Le prédateur avait déjà tué plusieurs moutons dans les semaines précédentes. Dans l'invitation à la conférence de presse sur le «lieu du crime», dans le canton de Saint-Gall, on peut lire: «Une nouvelle étape dans l'escalade des relations avec les loups en Suisse a été atteinte avec l'attaque du chien Fly.» Mais tout s'est-il réellement passé ainsi la nuit où les blessures ont été infligées?
Doute sur la responsabilité du loup
Simon Meier, chef du Département chasse du canton de Saint-Gall, considère les événements d'un point de vue neutre. «Les blessures peuvent effectivement avoir été causées par un loup», affirme-t-il. Mais il n'est pas non plus exclu, selon lui, que Fly ait contracté ses blessures en se battant avec ses congénères pour établir la hiérarchie. «Les morsures pourraient donc aussi provenir d'un autre chien.»

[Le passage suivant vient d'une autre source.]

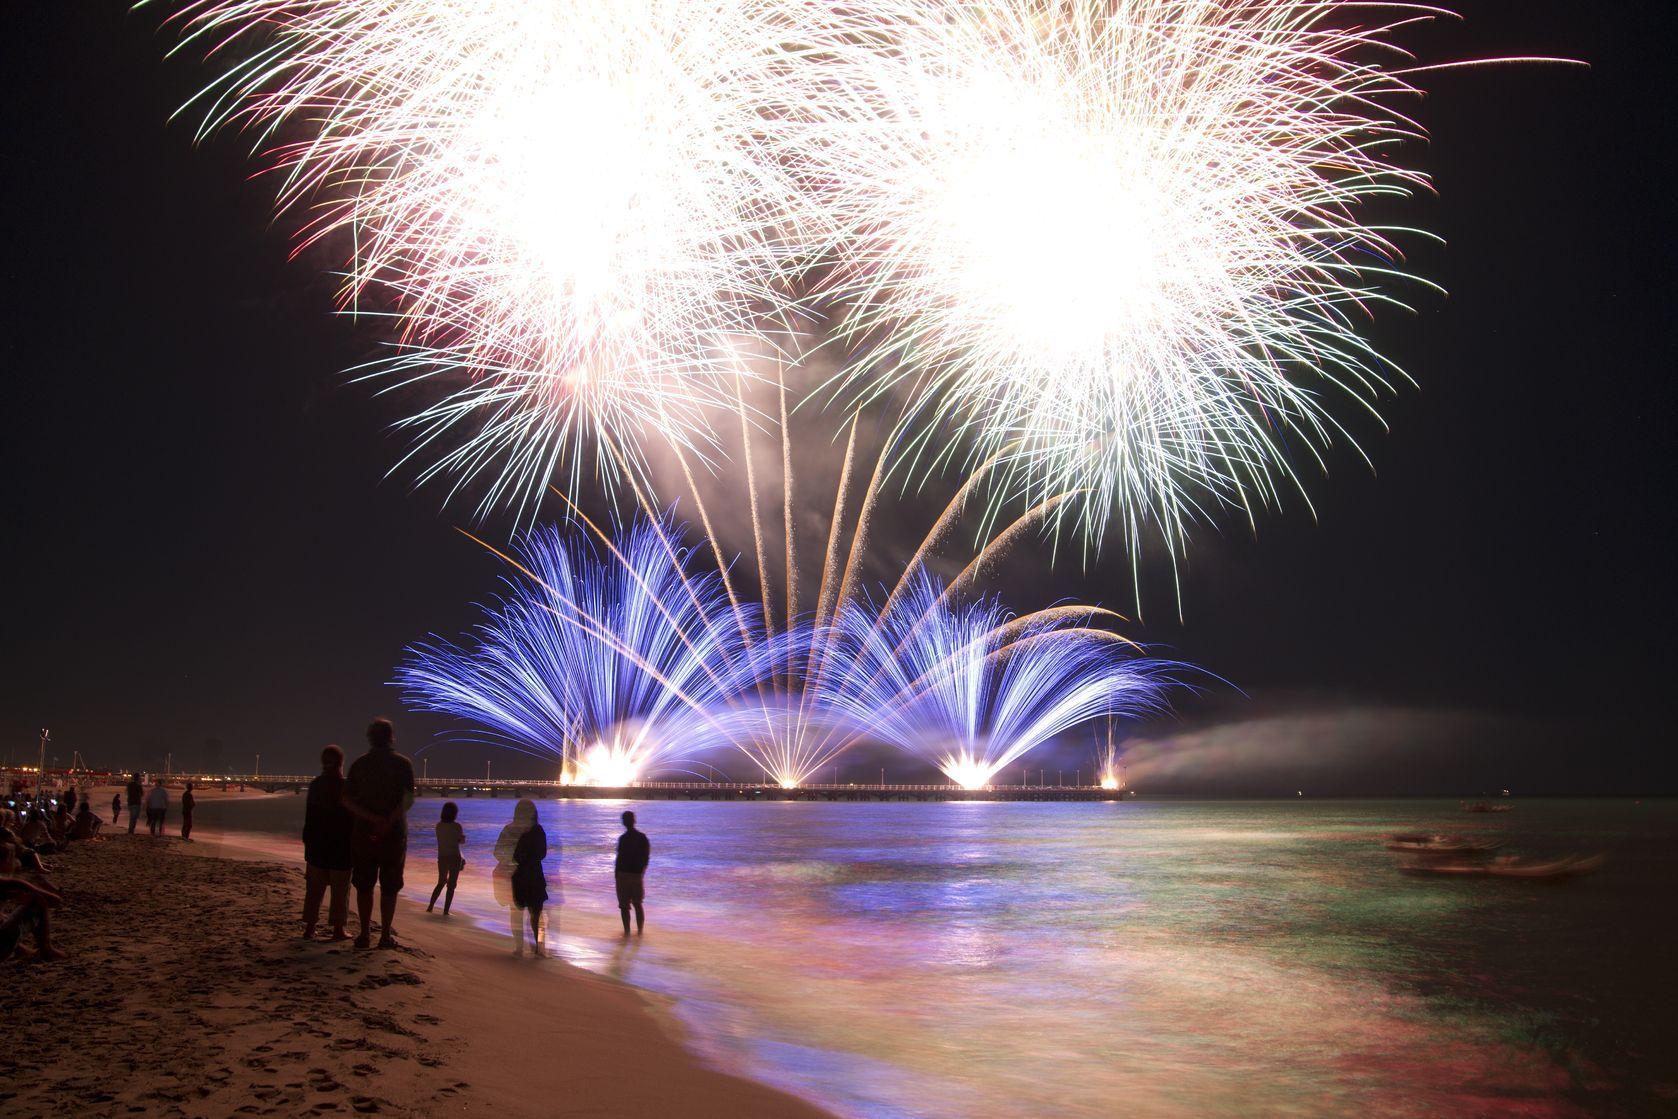 Fireworks explosive spiritual symbols fireworks background

Impossible donc, d'établir avec certitude si les blessures proviennent d'un chien ou d'un loup. On a renoncé à une analyse ADN telle qu'elle est effectuée de manière standard après des attaques d'animaux. «Ces tests donnent rarement des résultats lorsqu'ils sont effectués sur des animaux vivants et laissent une trop grande marge d'interprétation», explique Simon Meier. Si l'analyse avait par exemple indiqué qu'un chien était l'agresseur, on ne saurait pas s'il s'agit de l'ADN du chien blessé ou d'un autre chien. En outre, dans le cas où l'agresseur serait un loup, cela ne changerait rien à la procédure: «Légalement, nous ne pouvons pas abattre un loup parce qu'il a blessé un chien de protection sur un alpage.»
«C'est assez culotté»
Martin Keller, président de l'association saint-galloise des éleveurs de moutons, se dit surpris par les déclarations de Simon Meier. «Tout indique assez clairement qu'il s'agit d'un loup, peut-être même de deux.» L'homme travaille depuis 15 ans avec des chiens de protection et a pu observer durant cette période quelques combats de hiérarchie entre eux. Jamais un animal n'est aussi gravement blessé que Fly, à qui il manque trois orteils depuis l'attaque. En outre, le fait qu'aucun des autres chiens ne présente de blessures similaires l'interpelle. «Ces querelles de hiérarchie au sein de la meute ne se déroulent jamais de manière aussi unilatérale.»
Martin Keller remarque aussi que, lorsqu'il a envoyé deux autres chiens de protection en renfort sur place, ceux-ci n'ont montré aucune animosité entre eux. Il précise qu'il les éduque et qu'il travaille avec eux sur l'alpage. «D'après ce que j'ai vu, il est pour moi exclu qu'un autre chien ait pu blesser Fly aussi gravement», affirme-t-il.
Le berger Markus Eberle, qui a trouvé Fly couvert de sang à l'époque, évoque lui aussi la bonne entente entre les chiens: «Il n'y a jamais eu de conflits, ni lors de la garde au pâturage, ni lors de l'alimentation», affirme-t-il.
Pour lui, il ne fait pas de doute qu'un loup se cache derrière cette affaire. Il voit des morsures très souvent et, presque chaque jour, un loup est pris par un piège photographique: «C'est assez culotté de prétendre qu'il n'y avait pas de loup», lance-t-il.